Em todas elas, o pano de fundo é a sucessão presidencial, uma terra em que o principal candidato, Lula, estará fora do jogo, condenado por seus crimes. Nesse cenário- uma terra de ninguém- cada movimento é uma oportunidade de declarações estapafúrdias e populismo barato. No último ato, com Temer, cada vez mais acuado pela Lava-jato, a greve dos caminhoneiros, que começou como manifestação legítima, tornou-se locaute, e completou-se com infiltrados, manipulação política e um prejuízo monumental a economia do país. O presidente- desrespeitado, acintosamente- em reuniões, tudo cedeu aos condutores, e considerou-se iluminado por encontrar como solução para o problema a retirada de recursos da Saúde e Educação, mostrando que a pressão tem afetado sua noção de realidade.

Ao lado disso, a renúncia de Pedro Parente- adorado pelos mercados e acionistas e odiado pelos brasileiros que arcam com o custo de sua política de preços-, após promover 107 reajustes de combustível em 10 meses, em fúria, só comparável ao Ministro Gilmar, que deferiu 15 habeas-corpus, em 15 dias, no STF. Aliás, contratos de sócios de Parente, com a Petrobras, viriam à tona, se uma CPI fosse instalada, o que, certamente, contribuiu para sua decisão. 

Detalhe importante foi o apoio inicial da população, à greve, em uma espécie de catarse social, de incorporar a greve alheia para chamar de sua, apenas, para mostrar seu descontentamento com tudo isso que está aí.

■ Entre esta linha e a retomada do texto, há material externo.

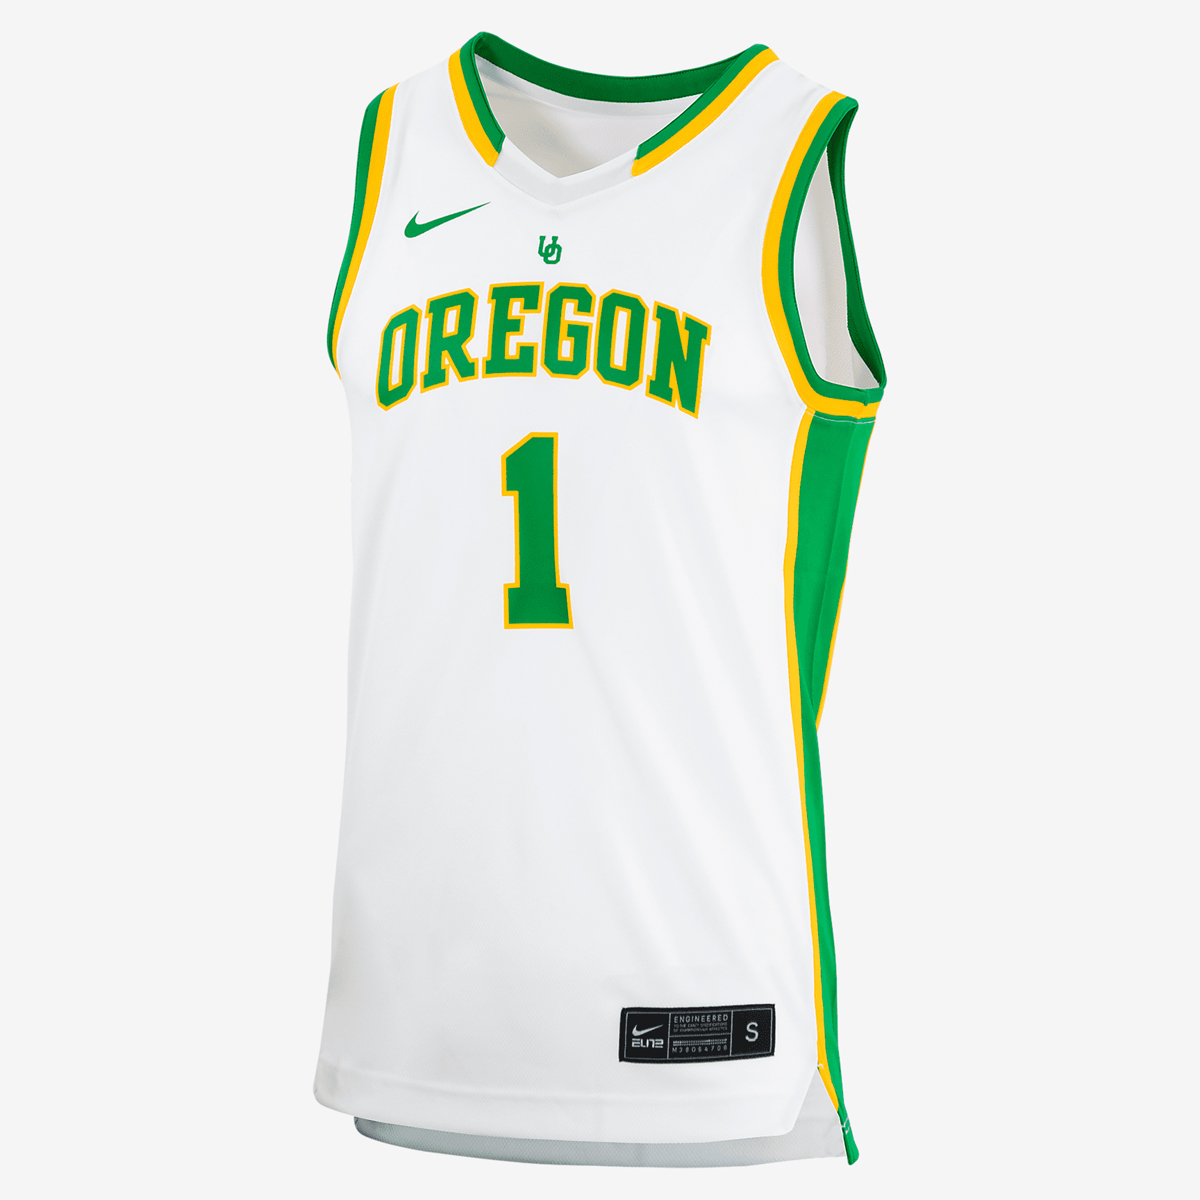 Nike-Dunk-Low-Oregon-Jersey
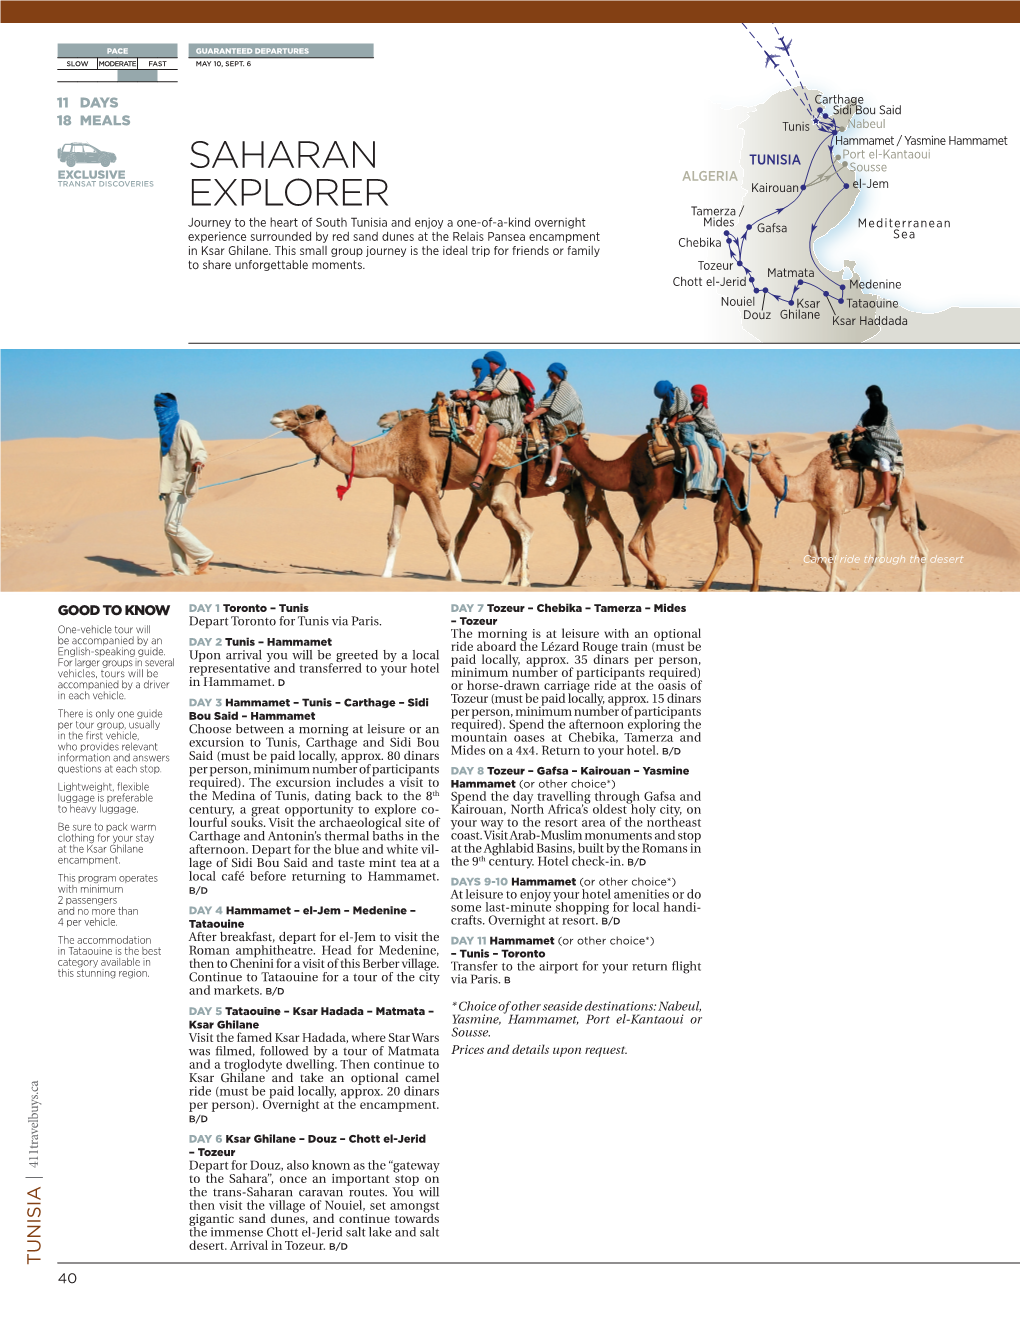 Saharan Explorer.Indd 1 31/07/12 09:37:07 from $ * Carthage 1599 Sidi Bou Said Jan

Outro dado a chamar atenção foi a aprovação de  35% da população a intervenção militar, descartada repetidamente pelos oficiais das Forças Armadas, que tem mostrado um comportamento exemplar,  até aqui. Isso, apesar deles terem se transformado em pau para toda obra, pelo presidente Temer, que em toda situação de crise, recorre aos militares.

Enfim, foram dias tensos, graves, com uma série de fatos que vão continuar impactando negativamente na economia, reduzindo o PIB, agravando a retomada do emprego, gerando mais instabilidade e insatisfação do brasileiro com a impunidade.

A proximidade cada vez maior da eleição irá levar a outros fatos, talvez, mais provocativos. Como nunca antes nesse país testaremos nossos limites institucionais e precisaremos estar atentos, vigilantes, para evitarmos o fracasso de nosso processo democrático.